● **ACTION ITEM**
Among the lines below, take the one holding "In a jewel-like", the one holding "Castlevania anniversary collection", and all lines between them. Set them down exactly.

● **SUPPLIED RECORDS**
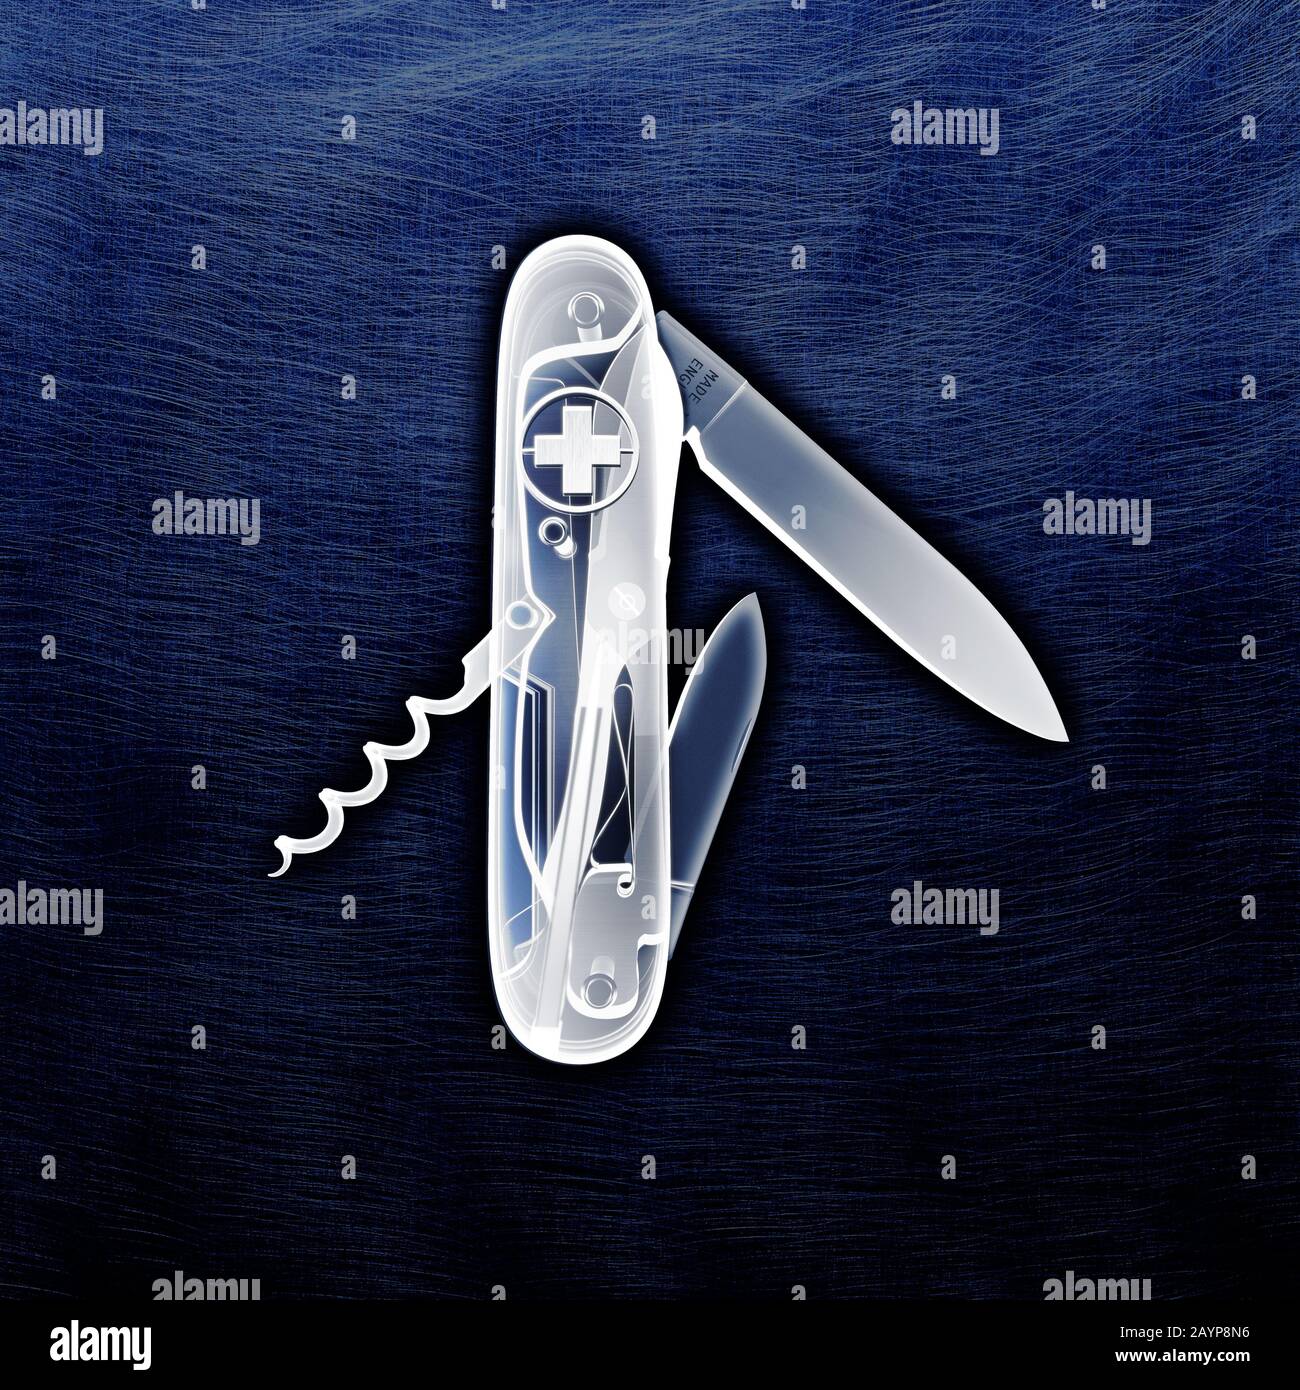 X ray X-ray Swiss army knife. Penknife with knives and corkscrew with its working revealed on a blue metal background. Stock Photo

==

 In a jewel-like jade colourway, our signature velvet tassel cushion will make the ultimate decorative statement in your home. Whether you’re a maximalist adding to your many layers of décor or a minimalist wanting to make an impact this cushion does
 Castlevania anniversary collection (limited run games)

● **WRITTEN RESPONSE**
 In a jewel-like jade colourway, our signature velvet tassel cushion will make the ultimate decorative statement in your home. Whether you’re a maximalist adding to your many layers of décor or a minimalist wanting to make an impact this cushion does
 Castlevania anniversary collection (limited run games)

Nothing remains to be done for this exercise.